Да, конечно, разница в семь лет в том возрасте накладывала определённый отпечаток на дружеские отношения: я к тому времени уже давно перерос многие темы, интересующие пятнадцатилетних. Разумеется, мы проводили свободное время в разных компаниях, соответствующих возрасту. Встречались мы или в клубе, или на каких-то клубных либо межклубных мероприятиях и вылазках на природу (в Минске тогда функционировали три клуба, я посещал два из них). 

Дружеские отношения были, понятно, со всеми, но у каждого, я полагаю, были также и особенные друзья, к которым тянуло сильнее. И для меня Андрюша, несомненно, был одним из таких. Была у нас, несмотря на разницу в возрасте, какая-то общность понятий. Мы не только с обоюдным интересом общались, но также, например, смеялись над одними и теми же шутками и ситуациями, в то время как другие мы оба находили не смешными. В частности, это могло выражаться в том, что он ловил мой взгляд, чтобы обратить моё внимание на то, что показалось забавным или перед тем, как кого-нибудь разыграть.

Он любил розыгрыши. Как-то я стрельнул сигарету у Лёши Никодимова, который внимательно за чем-то наблюдал или что-то слушал, и тот не глядя протянул мне раскрытую пачку. Когда он уже почти убрал сигареты в карман, Андрюша, мгновенно оценив ситуацию, хитро мне подмигнул и, как-бы невзначай, сказал, обращаясь к Лёше: «Дай человеку закурить» и кивнул на стоящего рядом Валеру Бадуна, известного яростного борца с курением.
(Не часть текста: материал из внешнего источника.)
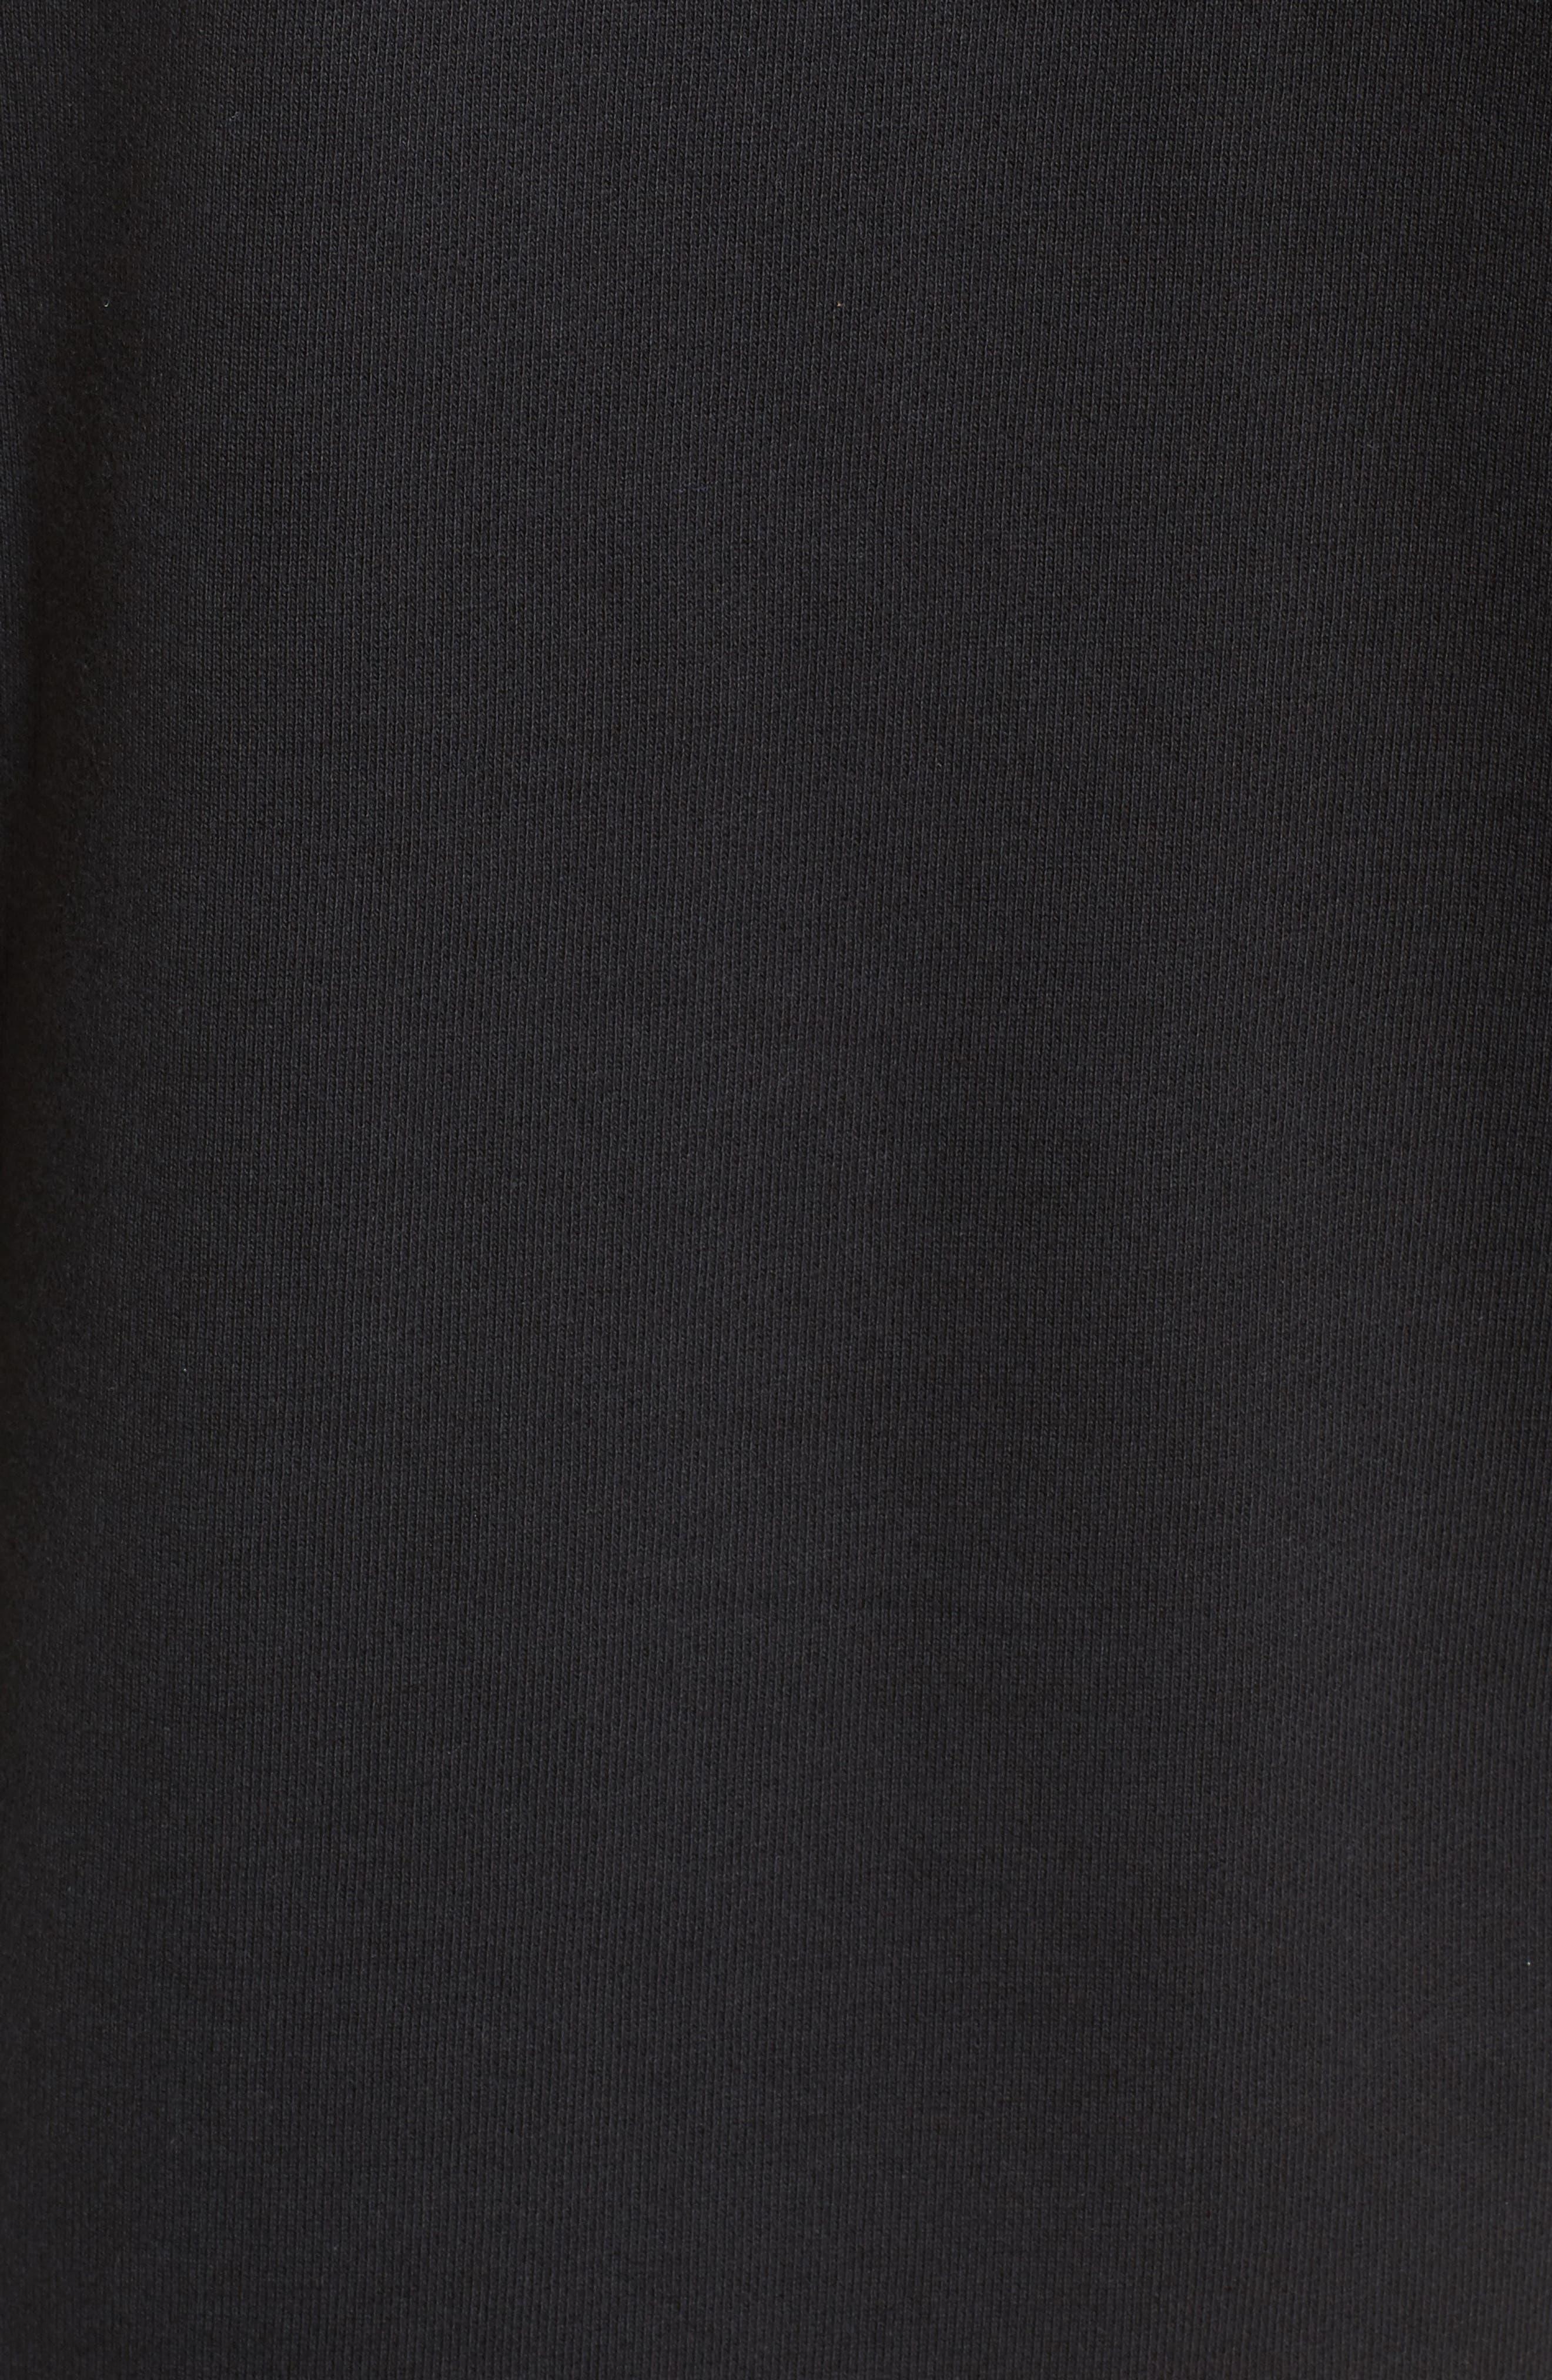 Sportswear City of Flight Hooded T-Shirt,                             Alternate thumbnail 5, color,                             Black/ White

И было это настолько убедительно, что Лёша, в упор глядя на Валеру, спокойно протянул пачку и ему, в последнее мгновенье успев выхватить её из-под гневно карающей Валериной длани. И это при том, что Андрюше было 16, а Лёше где-то 28, а уж Валере… 

А ещё был случай, когда его влиянию поддался и я. Я даже точно помню дату — 21 мая 1988 года. Это было на горе под Вязынкой, где мы готовили поляну для одного знакового мероприятия. Мы тогда нашли здоровенную сухую ель, из которой позже соорудили «скамьи» вокруг костра, и стали её валить. Подпилили, подрубили и стали толкать, кто руками, кто кольями. Довольно долго толкали, тужились изо всех сил, но ель даже не сдвинулась. И вот тут посреди общего молчания прозвучал Андрюшин голос: «Неужели никто не может выругаться как следует?» Следующие несколько секунд все продолжали молча давить на неподатливый ствол, а затем я, неожиданно для себя самого, во весь голос выдал самое многоэтажное и витиеватое ругательство в своей жизни (здесь приводить, разумеется, не стану, да сейчас и не вспомню). После этого ещё пару секунд было тихо, затем раздался оглушительный треск, и упрямая ель плавно, как в замедленном кино, ломая сучья соседних деревьев, опустилась на землю. Её падение сопровождалось диким хохотом семи или восьми молодых глоток, после чего буквально все, один за другим, обращаясь ко мне, стали сыпать фразами из анекдотов типа: «…при помощи кувалды какой-то матери…» или «Ну вы, боцман, даёте!» И это при том, что я по жизни вовсе не сквернослов, не понимаю до сих пор, какими чарами ему удалось меня на такое сподвигнуть.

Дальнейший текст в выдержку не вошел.